Much of that testing included making sure there would be no negative effect on brand perception among TikTok users, Mori said, both with regard to TikTok itself and its brand partners.

“We cannot just put any ad campaign there, because it’s the first perception that the user is going to have with our app,” she said. Put another way, the format is not available to buy on a programmatic basis.

And neither is Prime Time, another new format that delivers three different ads to users from a single brand within a 15-minute time window. The idea is that brands can use the format for sequential narrative storytelling during a period of high visibility, making the campaign stickier for users.

Unsurprisingly, the TikTok product team is hesitant to let brands reserve Prime Time spots without checking their ads first.

“The ads cannot be the same,” said Liu, citing concerns about overfrequency and repetitiveness. “There is a higher expectation of quality, and the creative should be rendered differently each time.”

The importance of keeping everybody happy

The last announcement TikTok made during NewFronts isn’t an ad format but, rather, a series of updates to its Pulse suite, which was launched in 2022 and runs ads against the top 4% of videos on the platform. The new tools, Pulse Mentions and Pulse Tastemakers, allow advertisers to align with more immediate trending topics and certain eligible creators.

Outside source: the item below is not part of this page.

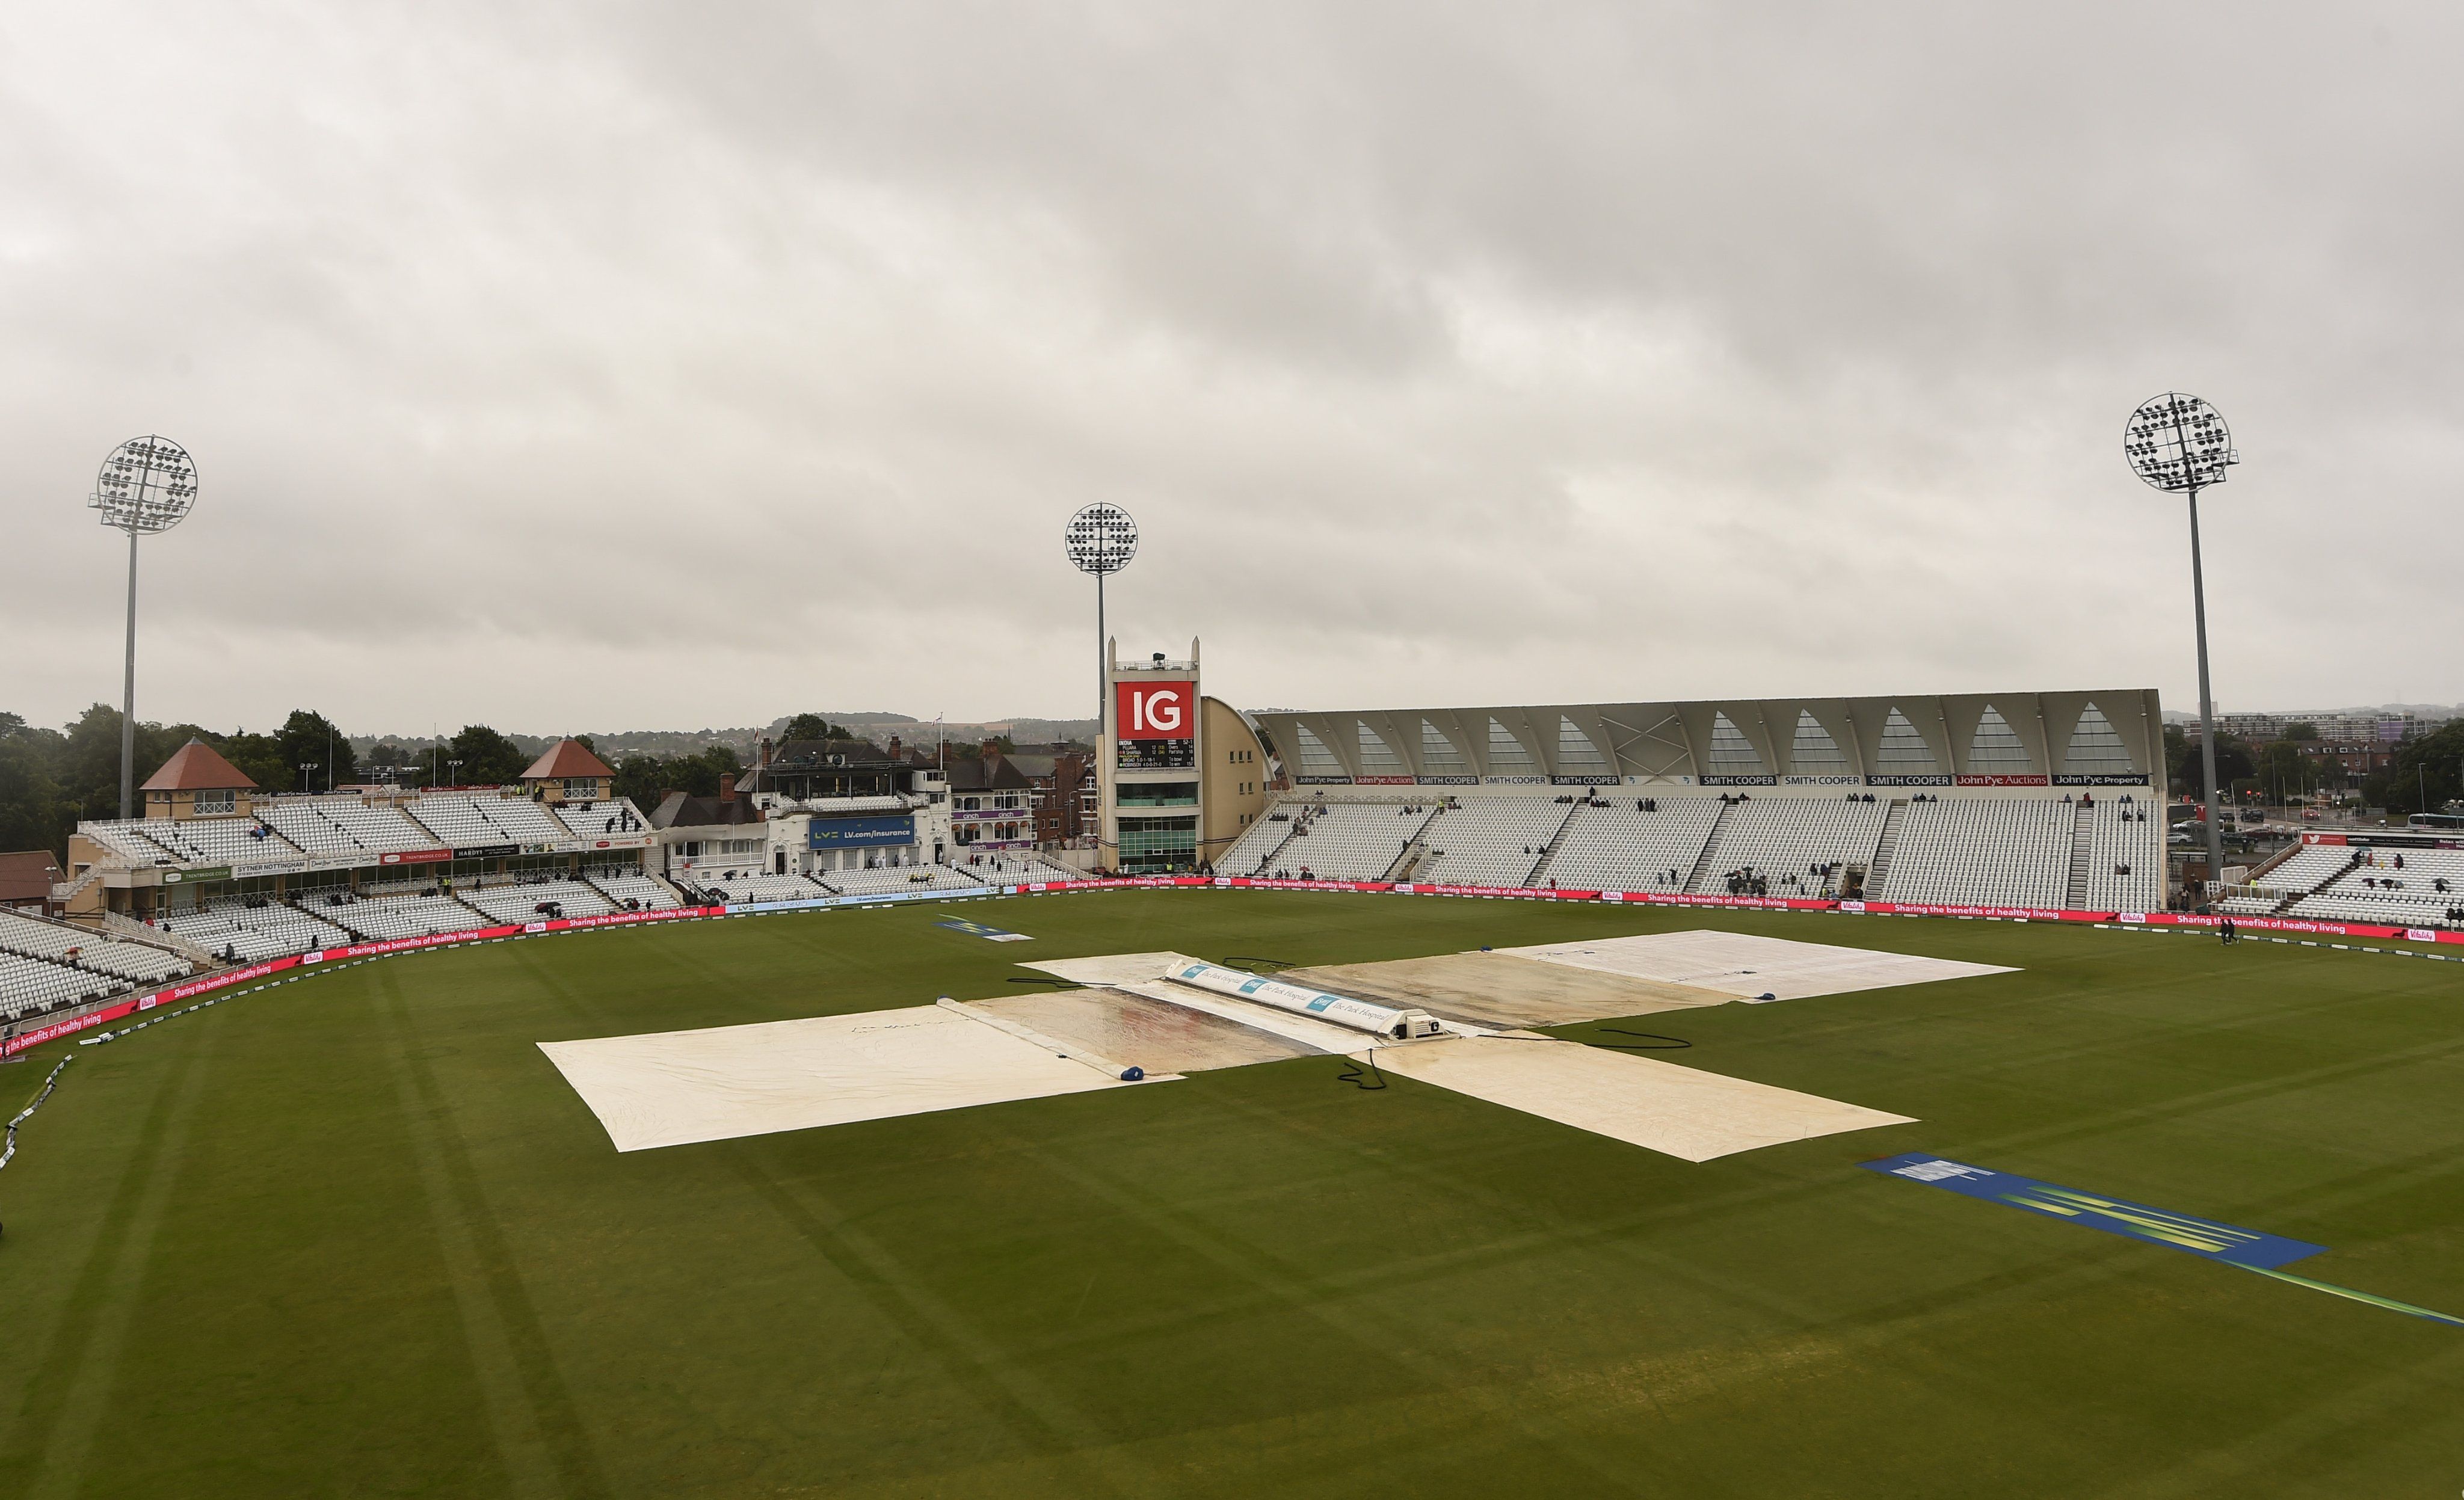 Ind vs Eng 1st test was drawn due to rain.
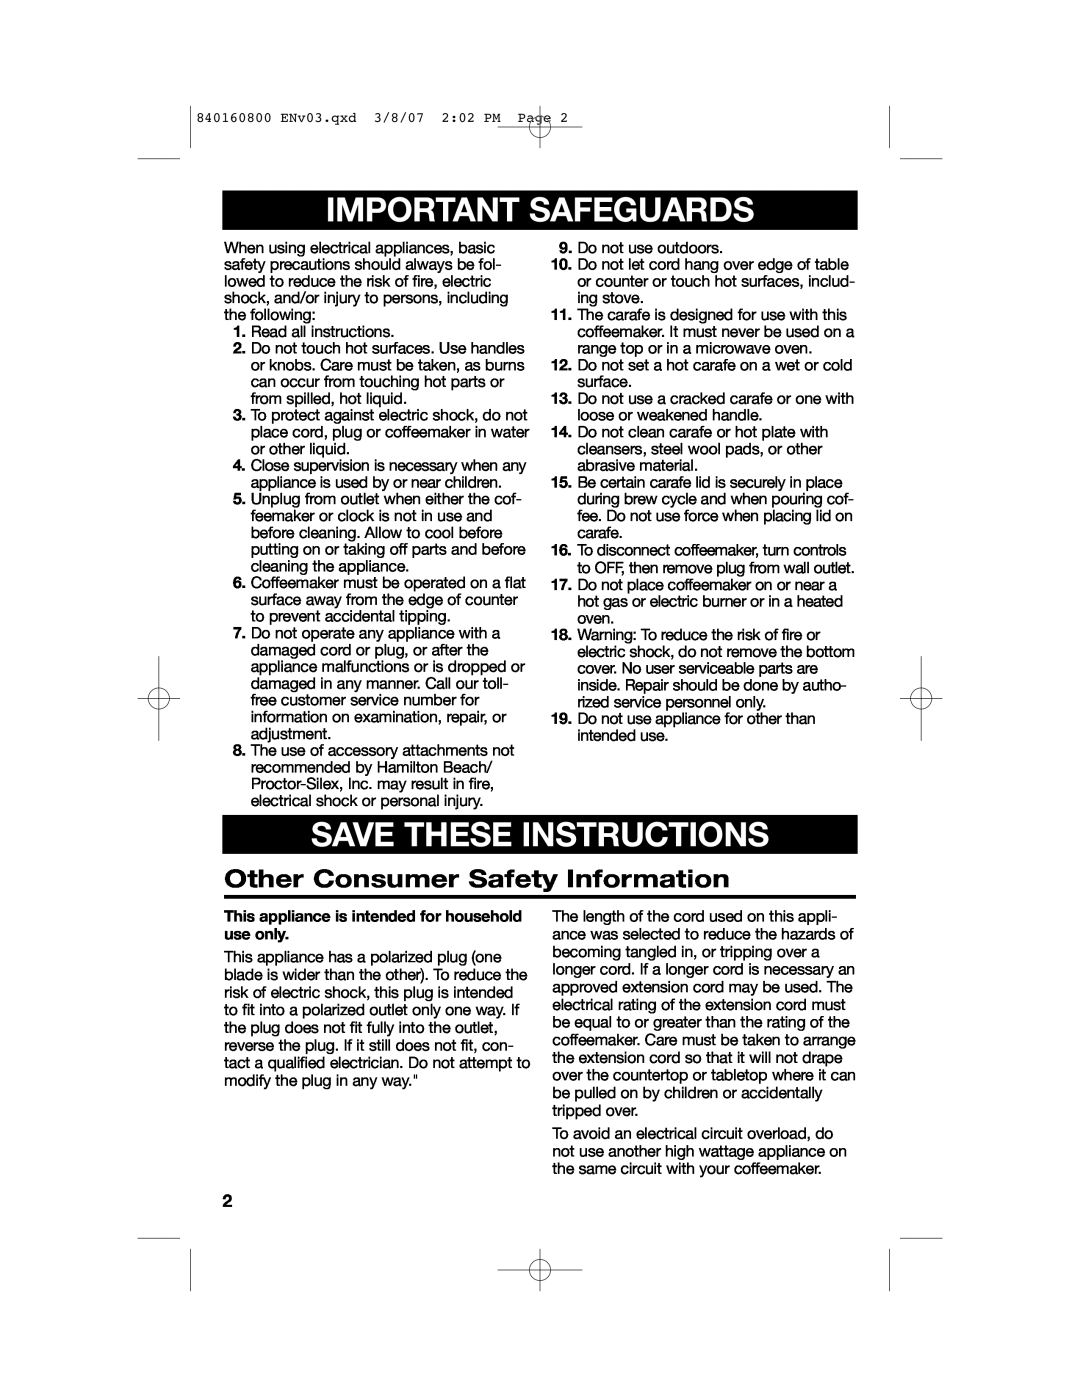 Hamilton Beach 840160800 manual Important Safeguards, Save These Instructions, Other Consumer Safety Information

The focus on contextual tools is intentional, said Liu.

Instead of targeting very specific audiences, brands can tap into the Pulse suite to buy based on content categories, which is a way of “doing contextual adjacency without it feeling creepy,” she said. It’s a smart strategy, particularly given recent concerns over the TikTok US Joint Venture’s recently updated privacy policy, which now collects information about a user’s precise locations and expands the company’s off-platform ad network further.

The product team designs tools not just for advertisers, Mori said, but with users and creators in mind.

As Liu put it: “Forget the ads, right? Forget just the monetization component. If we can’t keep the user experience healthy, then nothing else matters.”